IAEA Transthyretin Amyloid Cardiomyopathy Study – The I-TAC study

Heart failure (HF) with preserved ejection fraction (HFpEF) is a major public health problem with no effective therapy until recently, and substantial underdiagnosis. One of the deadliest forms of HFpEF, estimated to affect 13-18% of adults >65 years with HFpEF, is transthyretin amyloid cardiomyopathy (ATTR-CMP) with a median survival of 25-41 months. Fortunately,  recent therapeutic breakthrough— tafamidis— has improved survival, alleviated symptoms, and reduced HF hospitalizations from ATTR-CMP. However, we are unable to effectively harness the recent therapeutic breakthroughs to treat this important cause of HFpEF due to a key barrier—underdiagnosis of ATTR-CMP. The two key factors contributing to underdiagnosis as well as a delay in diagnosis of cardiac amyloidosis are (1) a lack of knowledge about amyloidosis due to its perceived rarity and (2) a lack of expertise in Tc-99m-PYP imaging. Tc-99m-PYP SPECT is a simple nuclear cardiology test that can accurately diagnose ATTR-CMP and has virtually eliminated the need for endomyocardial biopsy. Although access to Tc-99m-PYP SPECT and technical expertise exists, the practical application of PYP imaging to diagnose ATTR-CMP remains limited in many countries. Moreover, the current multisocietal diagnostic criteria were developed by physicians with amyloidosis expertise from Europe and America; whether these same criteria are valid in an ethnically and/or socio-economic diverse cohort of individuals in the rest of world, is not known. We expect this project to build expertise on high-quality Tc-99m-PYP SPECT imaging. The goal of this project is to develop sustainable global expertise to perform high quality PYP imaging to accurately diagnose ATTR-CMP.
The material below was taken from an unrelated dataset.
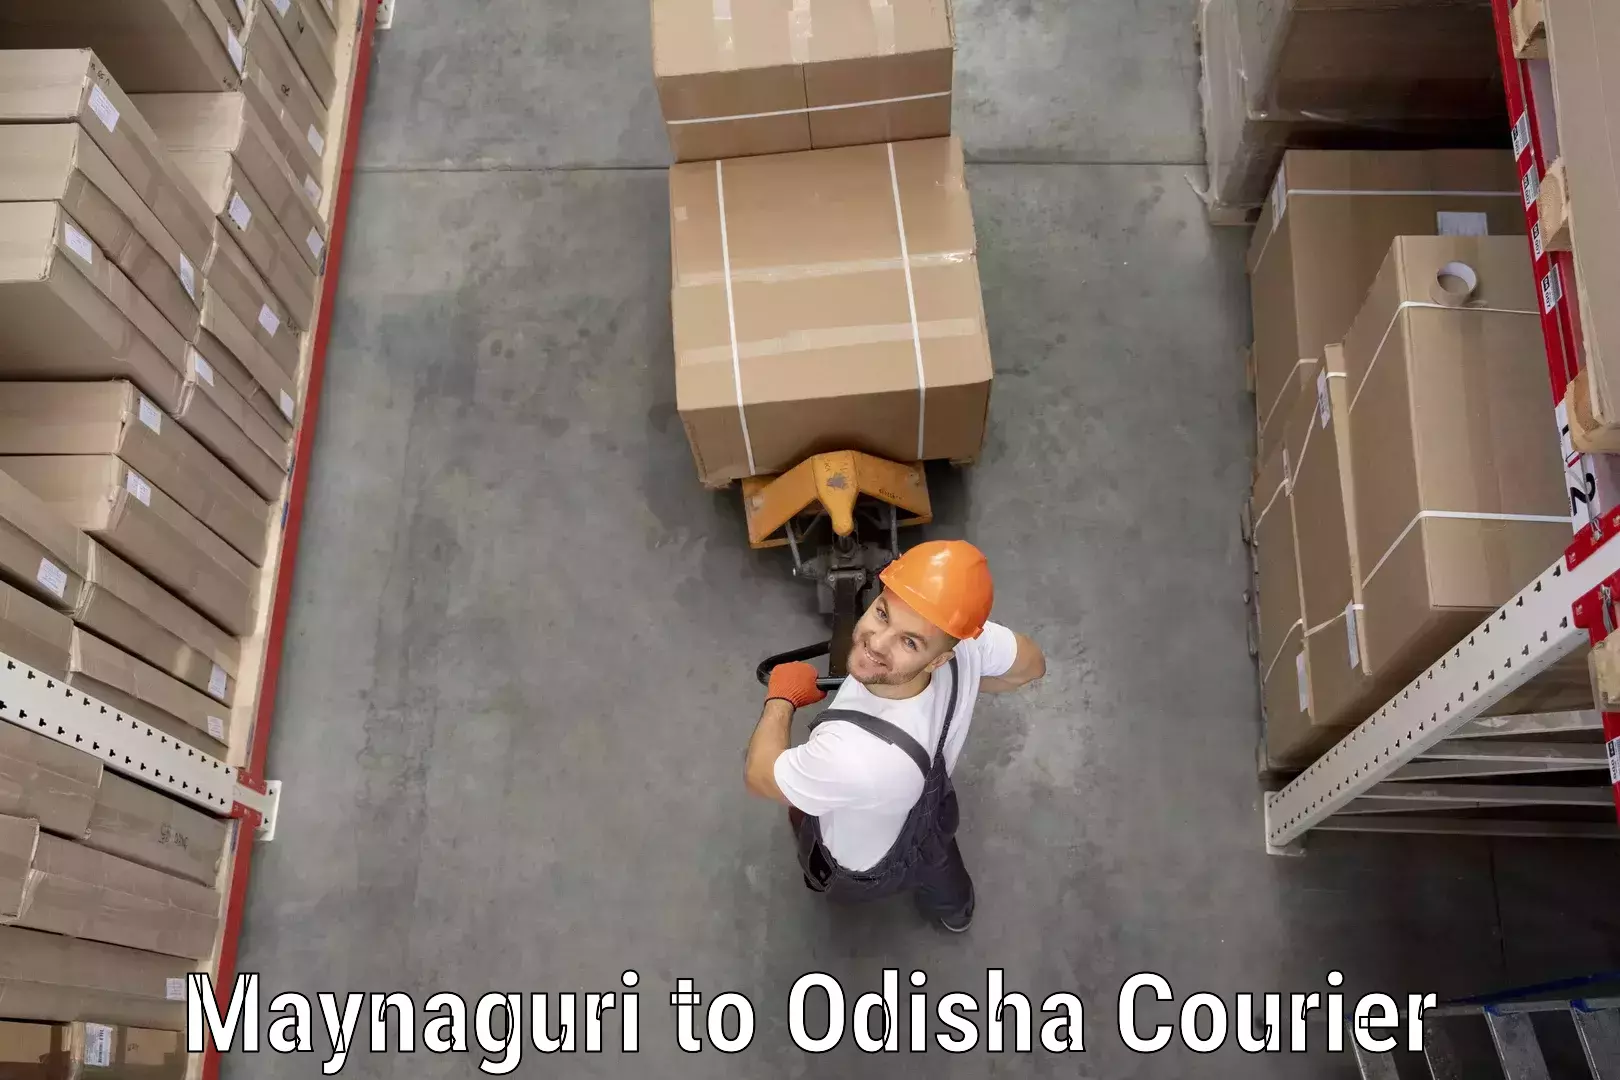 Large-scale shipping solutions Maynaguri to Odisha

Rationale of the coordinated research project
Despite availability of non-invasive methods, timely diagnosis of ATTR-CMP remains challenging. The challenge of accurate and timely diagnosis of ATTR-CMP was recently highlighted in a patient-focused survey conducted by the Amyloidosis Research Consortium (ARC).33 Before a correct diagnosis was made, 57% of hereditary (h)ATTR and 39% of wild type (wt)ATTR patients received a misdiagnosis. Of those patients who were misdiagnosed, a majority (76%, wtATTR; 75%, hATTR) received treatment for the misdiagnosed condition. 43% and 26% of patients reported being treated with beta blockers and ACE inhibitors, respectively; both of these medications are poorly tolerated in ATTR and may result in worse outcomes. 44% of patients saw ≥3 physicians before receiving the correct diagnosis, and 17% saw ≥5, suggesting missed opportunities for diagnosis.33 The lack of consideration of ATTR-CMP at the time of interpretation of echo, due to misdiagnosis of left ventricular wall thickening from amyloidosis as left ventricular myocyte hypertrophy from hypertensive heart disease, particularly in African Americans, remains a critical barrier to early diagnosis. Lack of familiarity with the protocols for Tc-99m-PYP and a lack of its validation in low-to-middle-income (LMC) nations may be a major reason for underutilization of Tc-99m-PYP and underdiagnosis of ATTR-CMP in many countries.